(Work instructions) The answer is to be the lines below that lie between the line holding "jessicadavisphotography.com | Jessica" and the line holding "塔城不銹鋼板304不銹鋼板316不銹鋼板321不銹鋼板廠家直銷", inclusive, transcribed exactly and free of pictures.

(Task material)
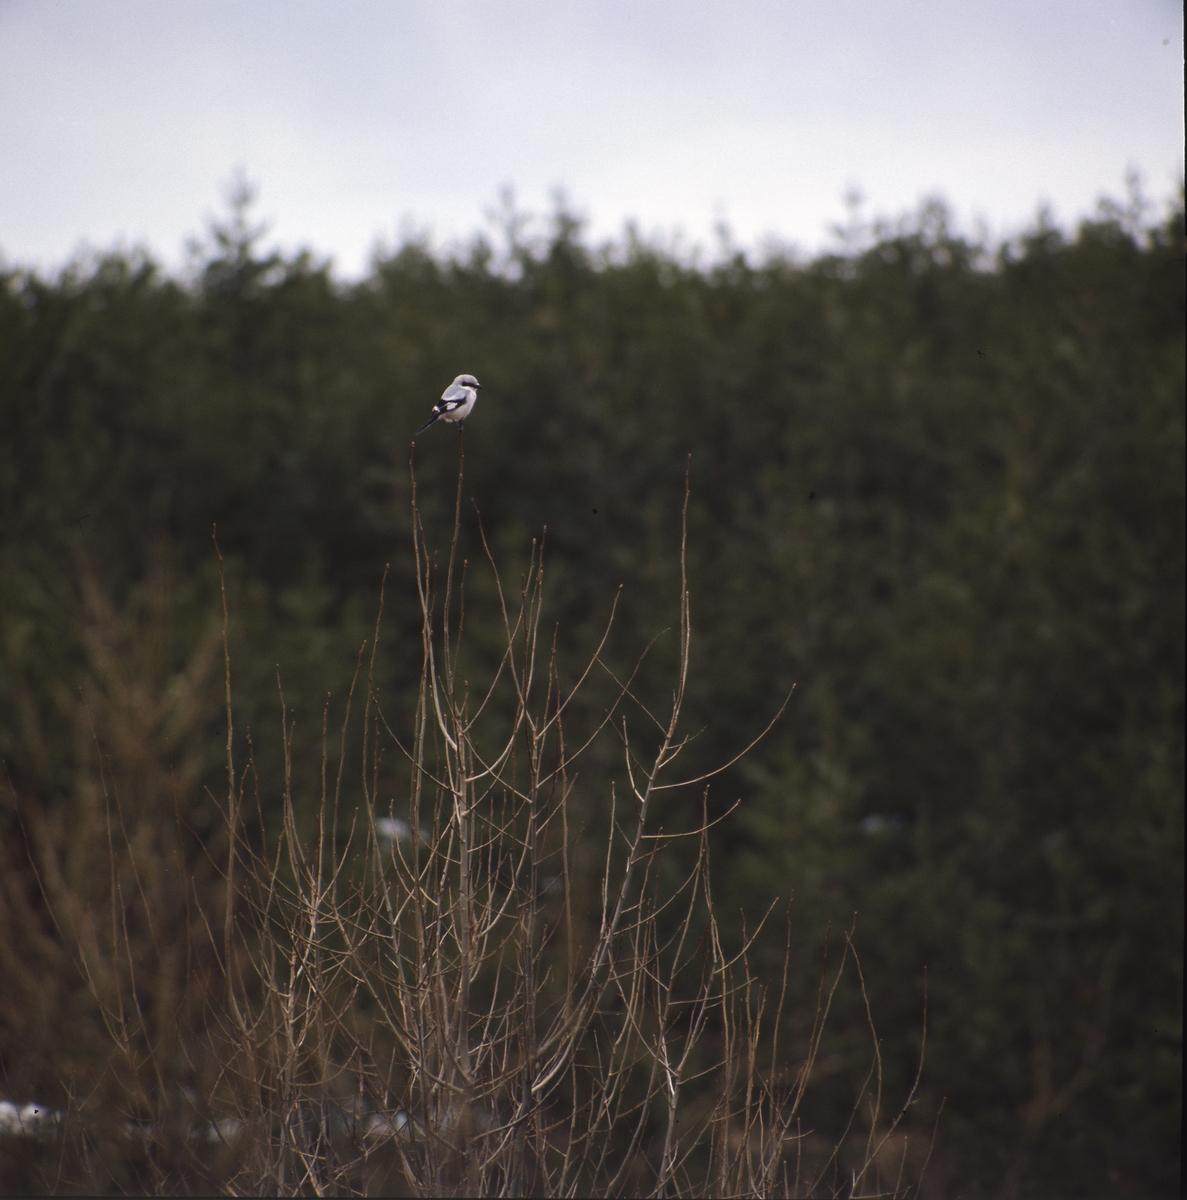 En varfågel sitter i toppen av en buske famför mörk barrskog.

* * *

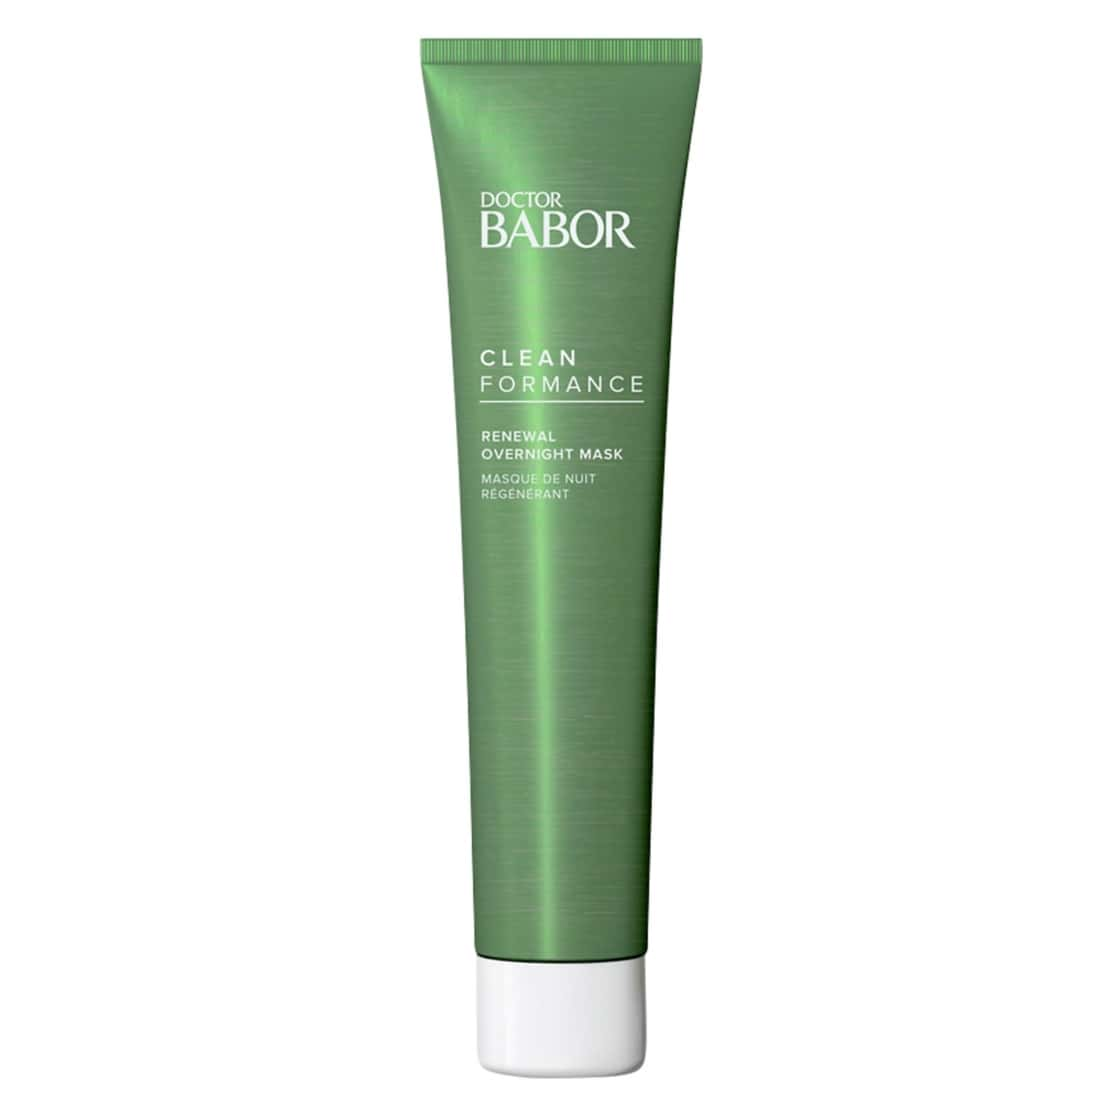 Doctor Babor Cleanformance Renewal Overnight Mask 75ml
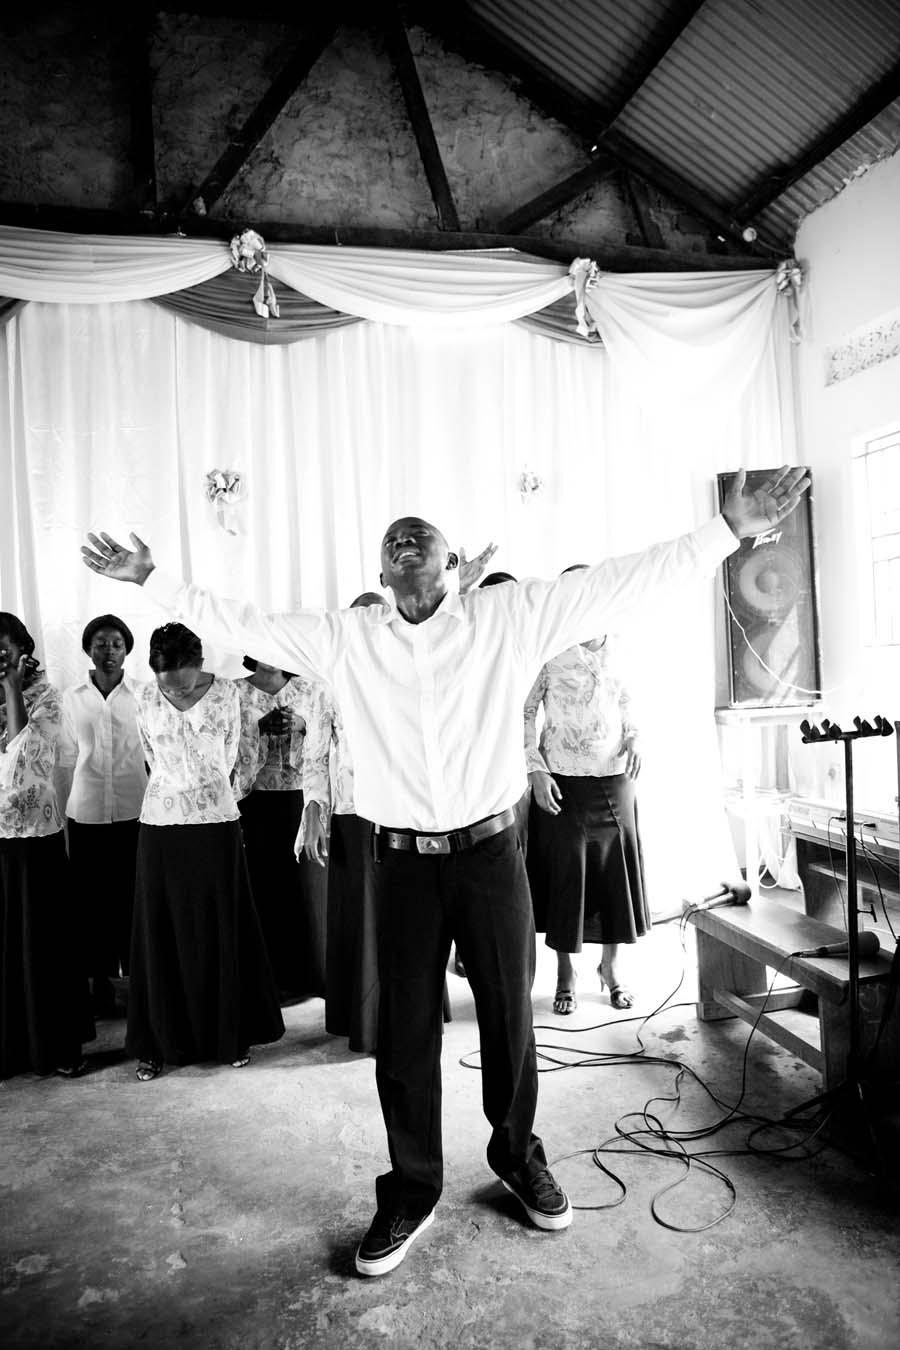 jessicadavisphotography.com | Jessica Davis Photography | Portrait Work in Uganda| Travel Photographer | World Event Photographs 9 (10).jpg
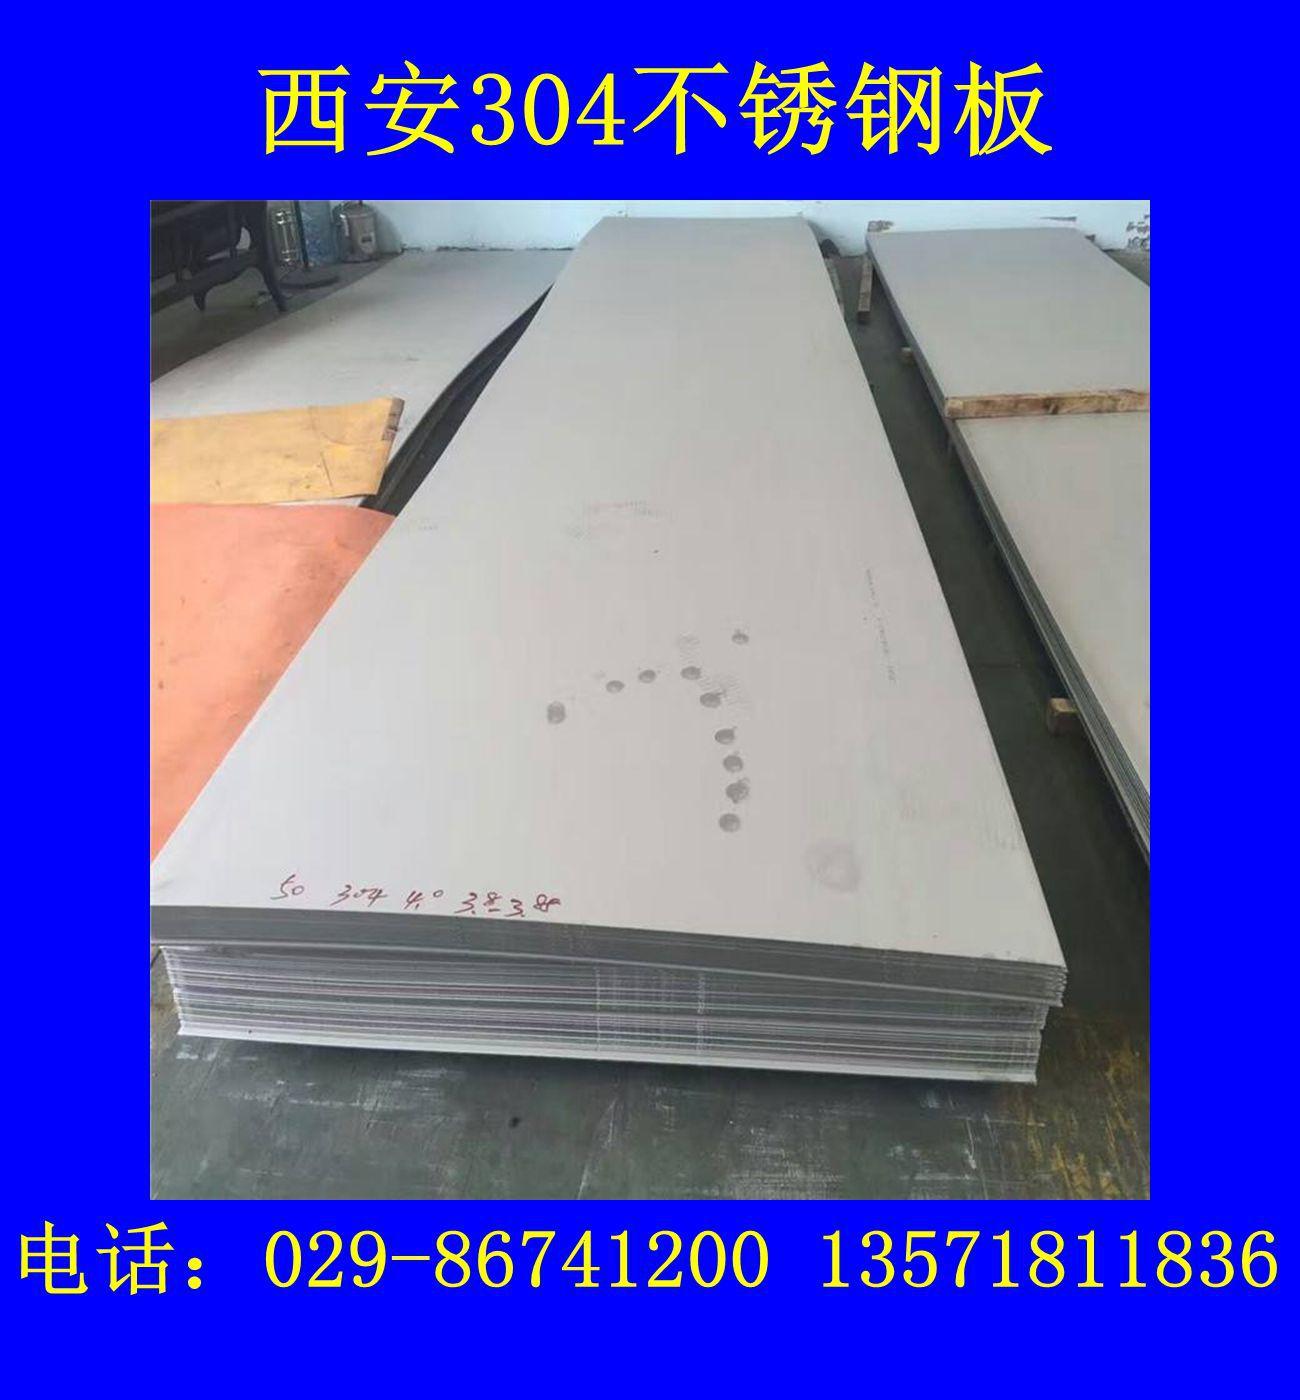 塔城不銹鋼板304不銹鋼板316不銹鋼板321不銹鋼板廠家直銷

(Exercise result)
 jessicadavisphotography.com | Jessica Davis Photography | Portrait Work in Uganda| Travel Photographer | World Event Photographs 9 (10).jpg
 塔城不銹鋼板304不銹鋼板316不銹鋼板321不銹鋼板廠家直銷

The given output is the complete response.